Living from the EartHeart

LIVING FROM THE EARTHEART

Thank you for visiting. This site holds space for insights about living from the Earth's Heart.We are mirrors of each other. Whatever brought you here and whatever brought my words to you is part of a sharing of presence; an affirmation that we both exist in embodying our own journeys side by side.. an affirmation that we are One.

The EartHeart Journey is a sharing of my experiences from earth, heart, and art. My reflections have evolved on so many levels since I started journal writing when I was 11. What used to be a blog for my art projects and some public musings is now becoming a portal for sharing about consciousness, creativity, sustainability… of light, life, and love. Everything here is part of a sacred journey to oneness within and everywhere.

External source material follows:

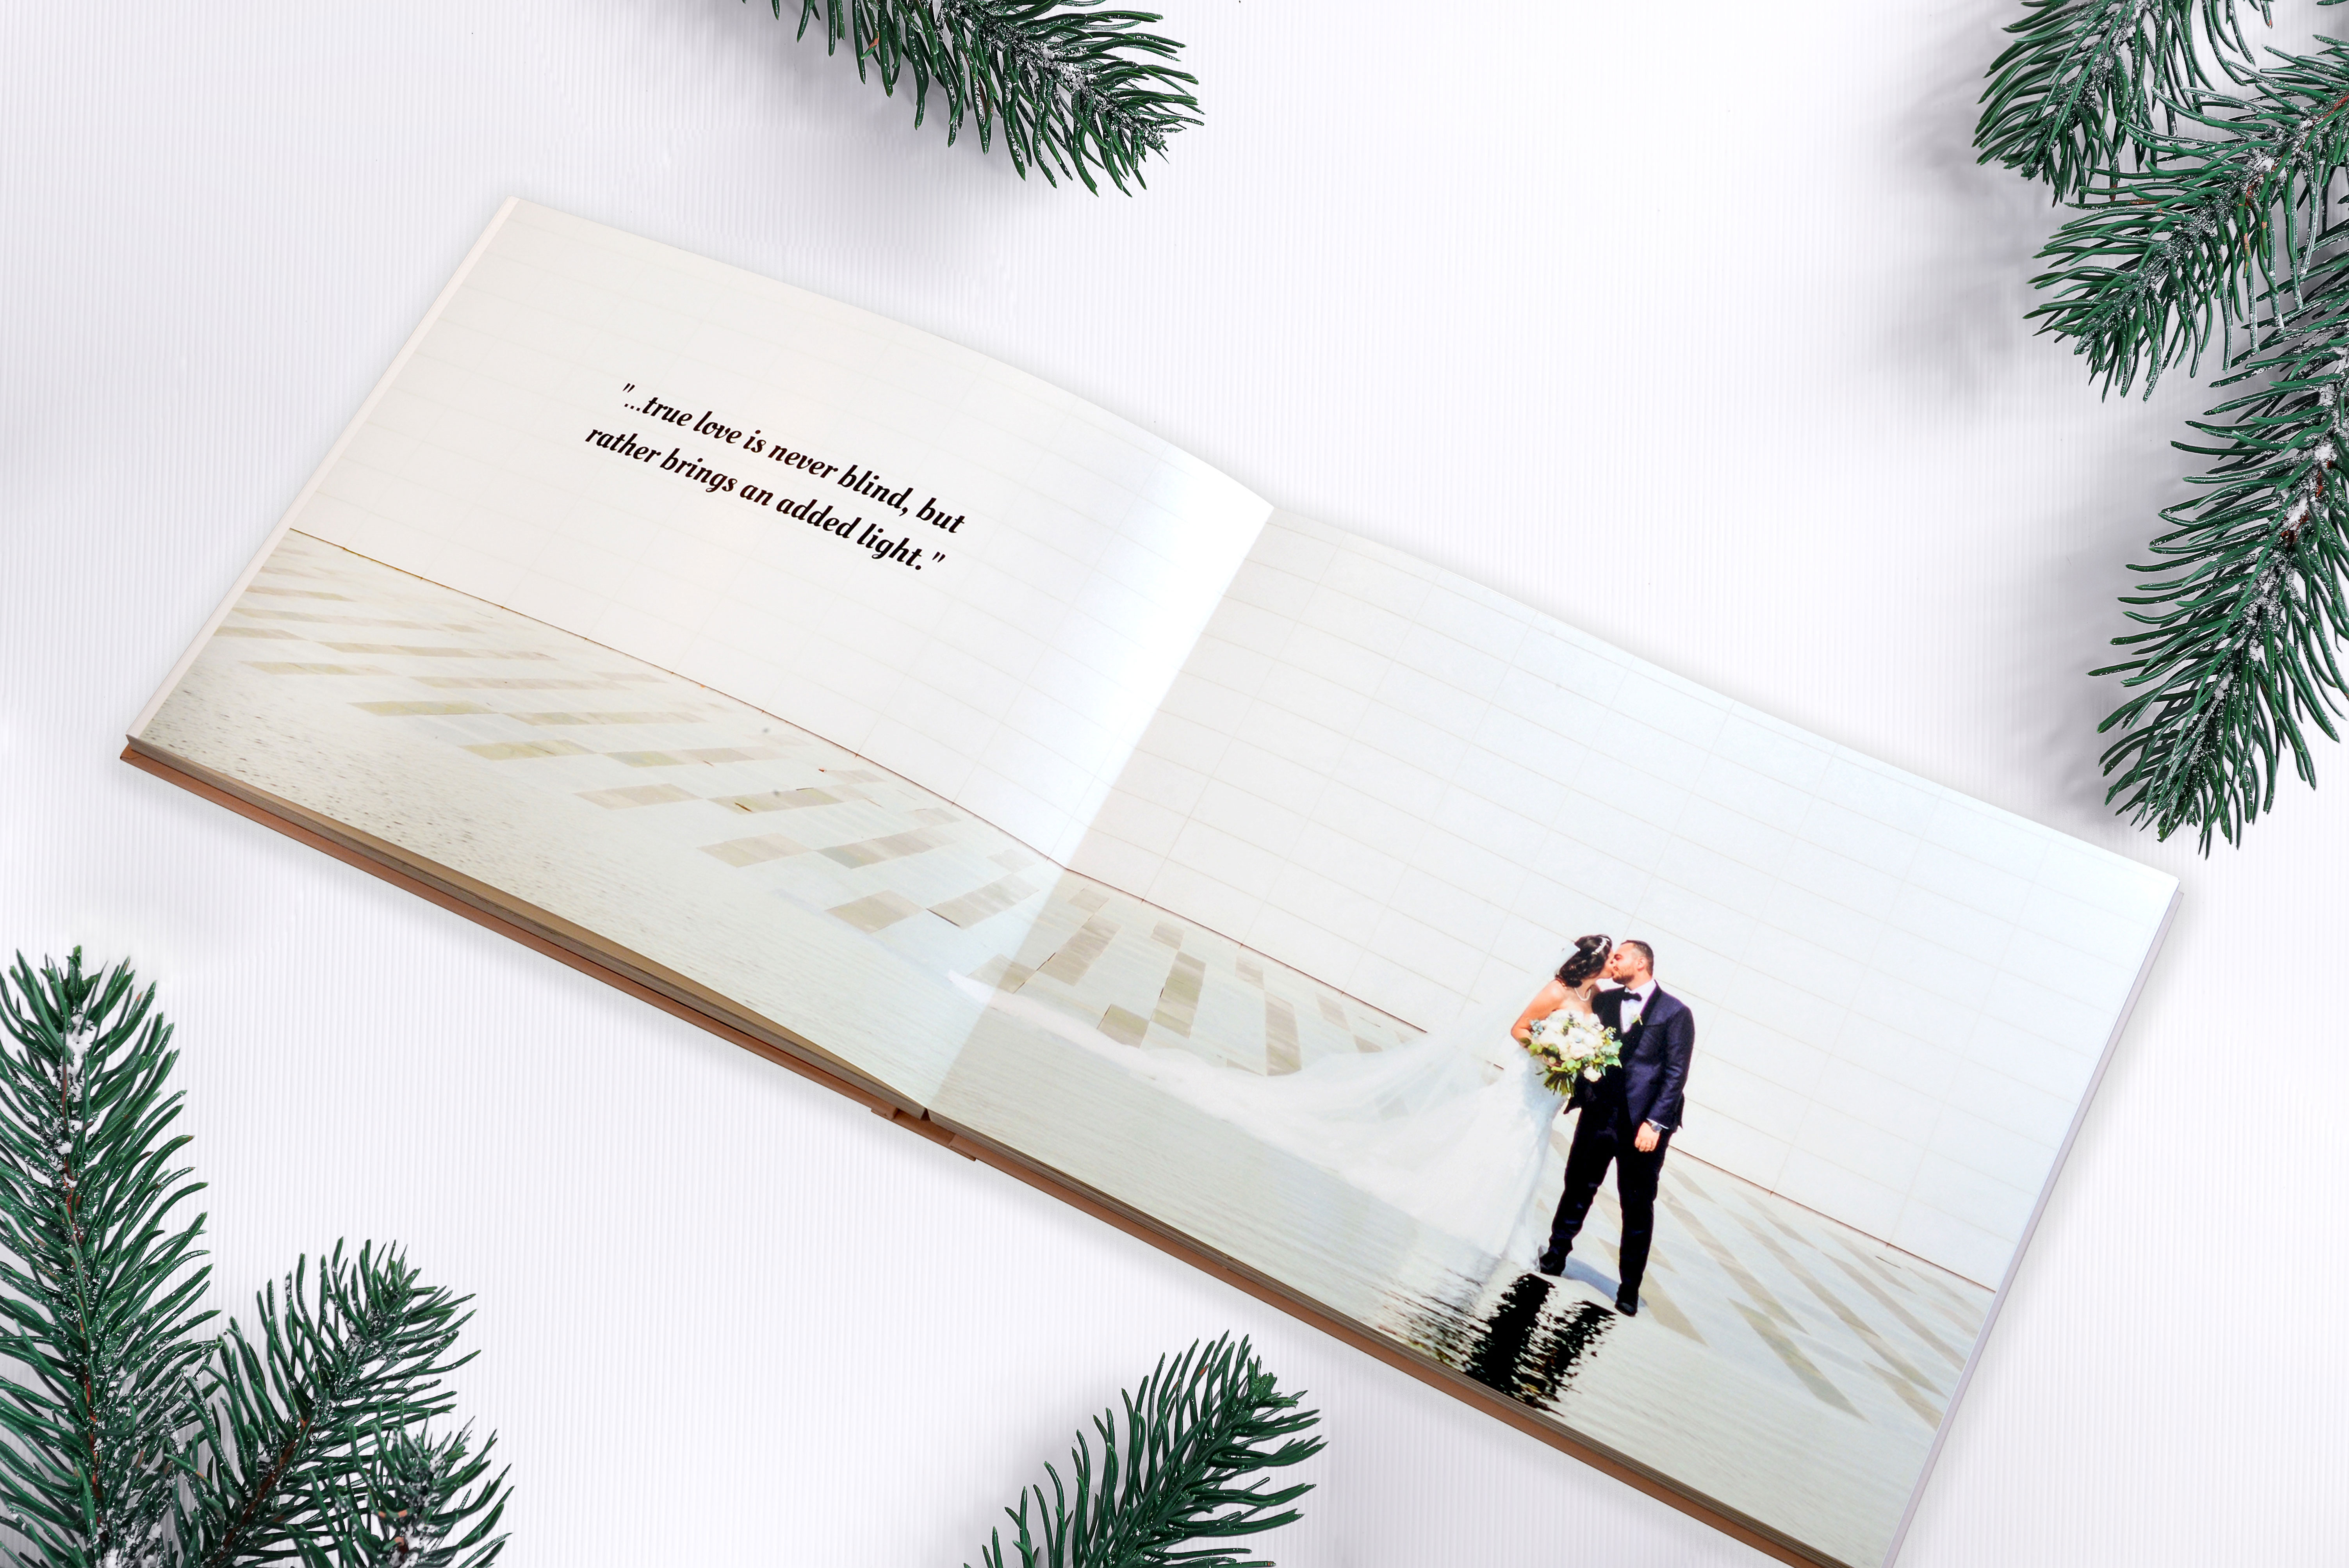 Layflat photo book showing a married couple on their wedding day

However you resonate, may it reveal to you you inspiration, intuition, or insight for your own life journey.


Note: My new blogs can be found on my Portfolio Site.

Sunday, March 20, 2011

One Water, One Earth

I write this during the Spring Equinox as I reflect on how nature is speaking through my interactions with it lately. Sometimes I feel there is something pulsating through my veins and my feet that is coming from the earth and sky and they want to speak and say something.


As the peace art ritual took place last February 8 to inaugurate the peace talks and children were speaking intentions for light and healing for peace, I touched the earth to connect to the energy of the ritual and felt it breathe and move. At first I thought I was just dreaming but I felt it. I felt the heartbeat of the earth... so I made sure I connected to the land that has been fought for for decades between armed rebel groups and the military, the land that absorbed all bloodshed from centuries old colonization and the displacements and human rights violations in contemporary times.

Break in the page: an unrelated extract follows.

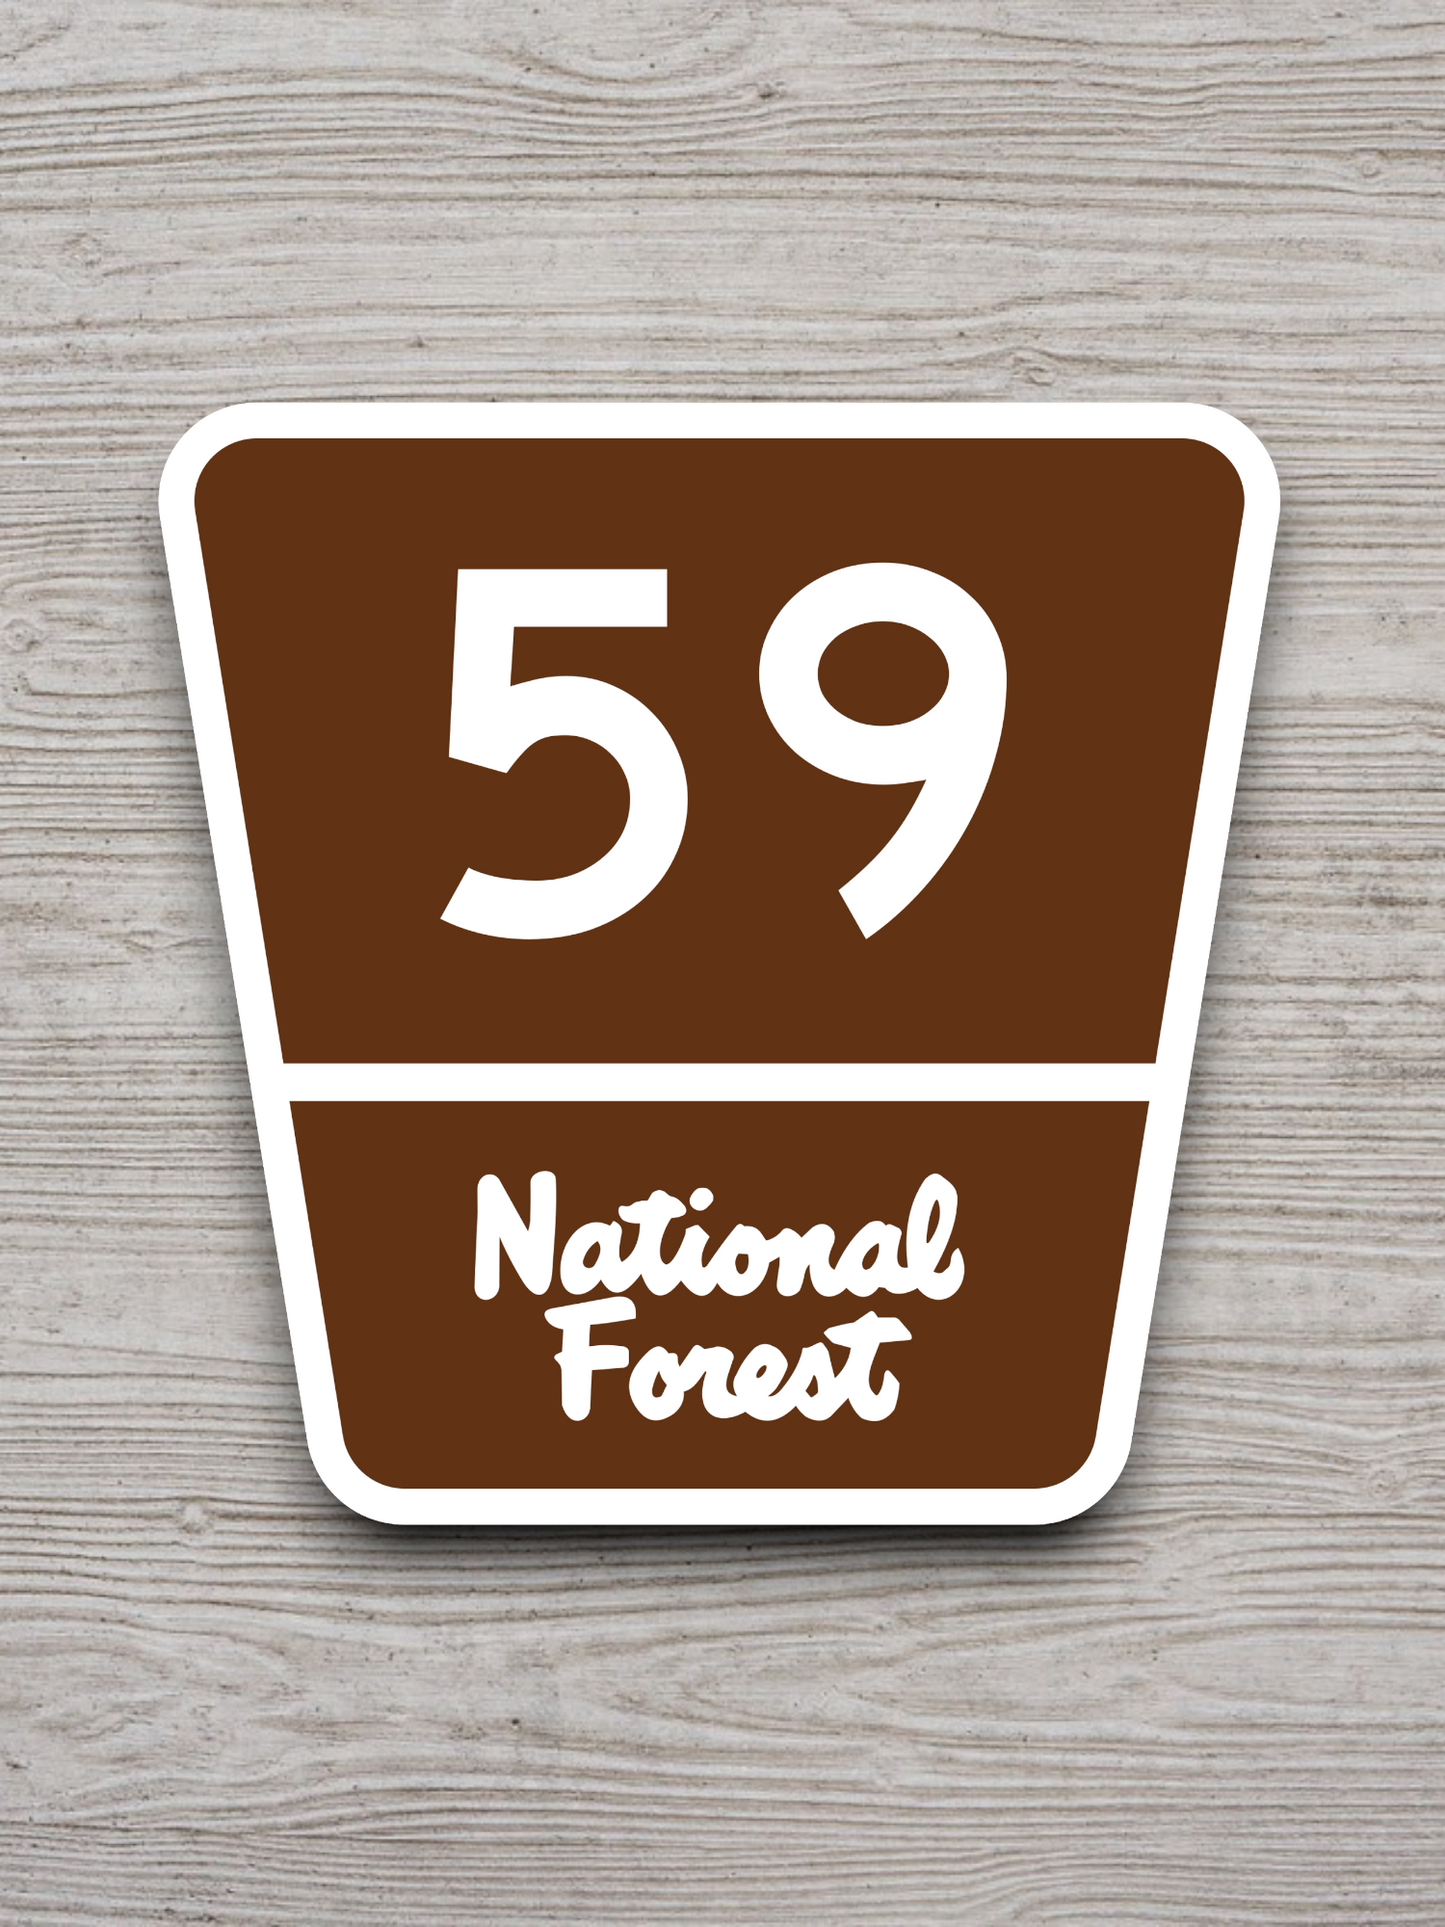 Forest Highway Route 59 Sticker

Last March 12, I did the same with 70 interfaith youth as we closed our mandala making workshop and connected them to the earthquake and tsunami in Japan just the day before. Again, I felt the earth breathe - even if our hands were connected to cement.I asked them to touch the same earth that moved the tectonic plates and caused the waves to crash through Japan. It was a beautiful solemn ritual.

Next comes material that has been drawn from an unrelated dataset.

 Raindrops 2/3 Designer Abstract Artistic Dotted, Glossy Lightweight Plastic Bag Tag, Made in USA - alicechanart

Last Saturday, I was illustrating the balete tree for a lecture ritual series poster at the University of the Philippines campus. The Balete is a sacred tree to the indigenous traditions here where diwatas (or fairies/goddesses) reside. Before I took my pencil and sketchpad out, I dedicated 30 minutes to clear out all the condoms, wrappers, syrofoams, and even soiled toilet paper around it and in between its root systems. I was appalled and embarrassed by the way we treated this tree. My heart was aching as I said sorry as I picked out one trash at a time. It was just impossible to draw its magnificence without doing so. I had to encourage every student who passed by to organize a clean up drive and ways of ensuring waste management in campus. It was sad to hear one of the students say, "This is U.P., students would rather march on the streets than clean the environment."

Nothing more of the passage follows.